Она молчит. Слушает.
– И я, как ты сейчас, рыдала. Хотела спрятаться. Или исчезнуть. Или все это забыть, стереть, как будто не было. Понимаешь, вот тебя могло не быть, если бы я сделала аборт. Но я не сделала, хотя вся моя семья была против, чтобы я рожала.
Она шмыгает носом.
– Мам, я не хочу, чтобы ты думала, что я чудовище…
– Я не думаю, Лер. Никогда не думала. Просто… я хочу, чтобы ты знала: этот шанс – он не у всех бывает. Быть мамой. Быть нужной. Любимой. Да, будет трудно. Да, будет больно. Но я рядом.
– А если вдруг с тобой что-то случится? Что я буду делать?
– Лер, если так на все смотреть…
– Так, – говорю спокойно. – Давай начнем не с решений, а с того, что пойдем к врачу. Сделаем УЗИ. Посмотрим, все ли в порядке.

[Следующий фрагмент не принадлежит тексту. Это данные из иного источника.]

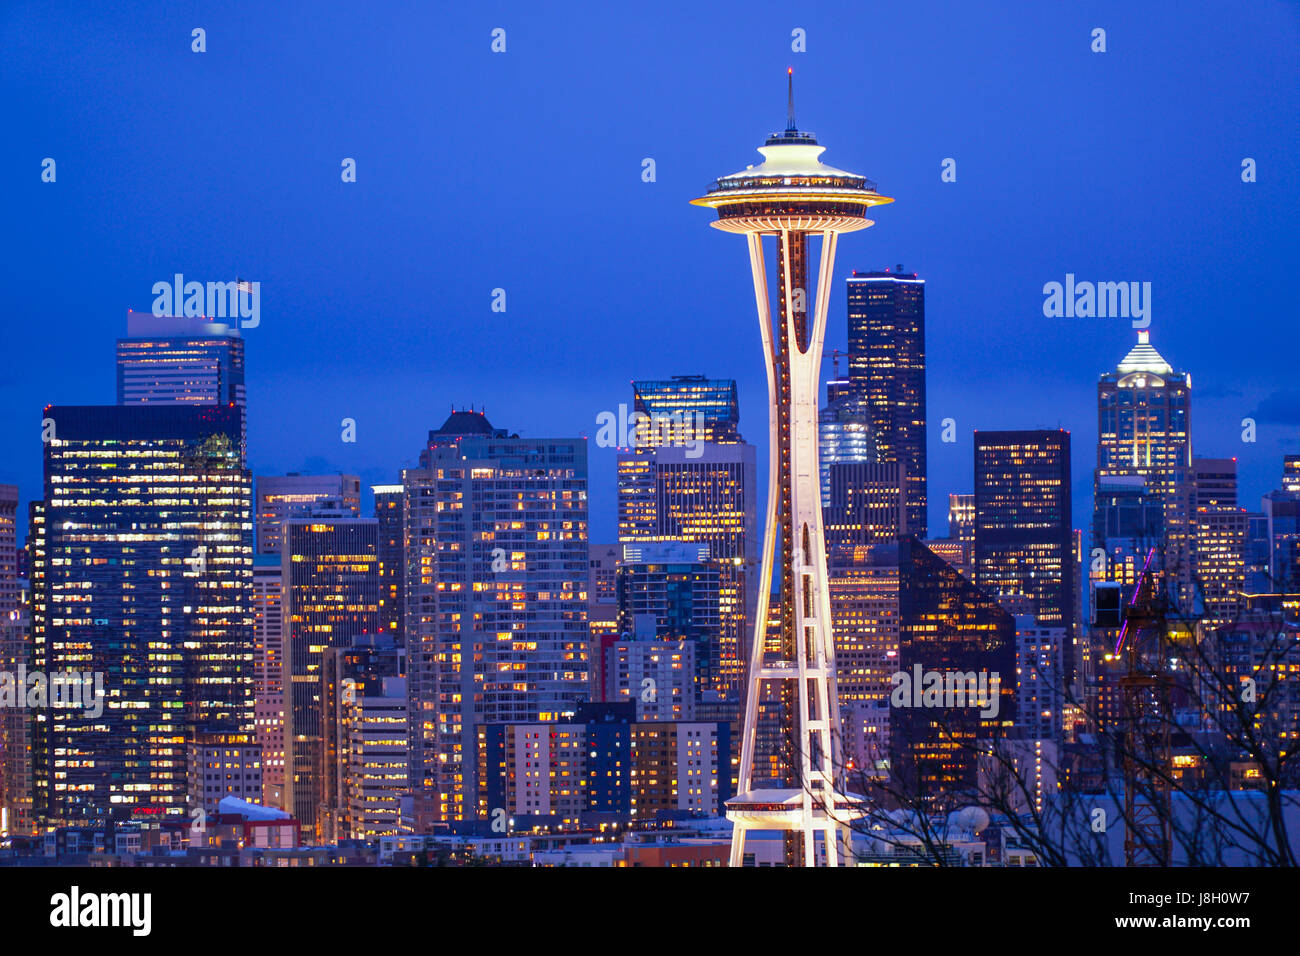 Seattle luci della città di notte - lo skyline con lo Space Needle - SEATTLE / WASHINGTON - 11 aprile 2017 Foto Stock

Тебе в любом случае туда надо.
– Мам…
– А как ты думала? Надо узнать, какой срок и все ли развивается хорошо.
Она медлит. Очень долго. А потом – кивает.
– Только… ты со мной пойдешь?
– Конечно, пойду, Лер.
Обнимаю ее. Она вжимается в меня, как в детстве, когда просыпалась от кошмара.
– Лер… папа все равно узнает, кто он.
– Как? – резко отстраняется.
– Он хотел посмотреть твой телефон вчера, я не дала. Сказала, что ты сама нам все расскажешь.
– Мам, нет, – хватает меня за руку. Папе нельзя. Он... он убьет его. Я серьезно.
– Кого – его?
Она смотрит в сторону. Зажимает губу. Теперь уже и мне хочется знать все.
– Лера, что ты скрываешь?
– Ну, какая вам разница кто?! – вскакивает с кровати. – Я не хочу этого ребенка.
– Послушай, твой отец, конечно, тот еще… нехороший человек. Но как отец… он все свои связи поднимет, но найдет того, кто обидел его дочь. Подумай, может, тебе лучше самой рассказать?
– Я пришла к вам за помощью, а вы от меня требуете сделать то, что правильно. Оставить ребенка. А зачем? Можешь мне объяснить, если я не хочу.
– Я не прошу тебя делать это ради меня. Или ради него. Или потому что "так надо". Я прошу тебя подумать, что будет через пять, десять, двадцать лет. Какие могут быть последствия аборта, тем более в таком раннем возрасте.
Меня бы кто так поддерживал девятнадцать лет назад.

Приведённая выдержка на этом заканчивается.